At the Sept. 8 Westerville City Schools board meeting, the district's food services staff summarized operations, federal compliance, local sourcing efforts and recent equipment upgrades.
The presenter, introduced as Mr. Kessler, said the department served 1,788,844 meals last year across 23 buildings and employs 106 staff, 41 of whom have advanced training in food safety. He said the food services operation is self-sustaining: federal reimbursements and program sales cover expenses rather than the district general fund.
Kessler briefed the board on federal meal requirements and local practices: meals comply with U.S. Department of Agriculture (USDA) and National School Lunch and Breakfast Program patterns; the district follows "offer versus serve" rules that require offering all meal components while allowing students to decline certain items; and beginning July 1, 2025, added-sugar limits took effect for certain breakfast items (cereal, yogurt and flavored milk).

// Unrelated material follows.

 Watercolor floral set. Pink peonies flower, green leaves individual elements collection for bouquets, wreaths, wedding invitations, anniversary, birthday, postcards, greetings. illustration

He described Farm-to-School activities and local purchases, including apples and other fruit from Baumann Orchard and ongoing work with Westerville North High School's garden. The department participated in state summer and fall farm-to-school events and reported winning a silver-bead award for summer participation.
Kessler said the department underwent an administrative review, a procurement review and a resource-management review; all were closed with no violations and the administrative review included a commendation for organized paperwork and menu variety. He also described recent kitchen upgrades paid for from the food service account (not the general fund): examples cited were new hot/cold wells at Hamby, a steamer and upgraded exhaust hoods at Hawthorne, two combi ovens and a walk-in cooler at Whittier, and larger freezer units for Wilder and Hawthorne to support more on-site cooking.
On distribution, Kessler described a satellite model: many elementary meals are cooked at central kitchens (South High School or Central High School), loaded into hot or cold carts, and shipped to buildings; the district is adding equipment to some elementary sites so more cooking can be done on-site to improve food quality. He noted the department offers alternate meals (gluten-free, egg-free, dairy-free, soy-free) and uses nutrition-calculator tools to ensure a la carte items meet nutrition standards.
Board members asked about procurement equity and how new menu items are selected. Kessler said procurement reviews analyzed vendor transactions and that menu rotation decisions are based on sales data, vendor demonstrations and taste tests; coordinators now help with more systematic taste-testing in schools. He also explained multiple ways families can add funds to student accounts (PaySchools, check, cash) and that weekly balance notifications are sent for negative balances.
Why this matters: the report outlines the scale of the district's meal program, federal compliance and local sourcing efforts, and near-term equipment investments that aim to improve meal quality and service efficiency.
No action was taken; the presentation was informational.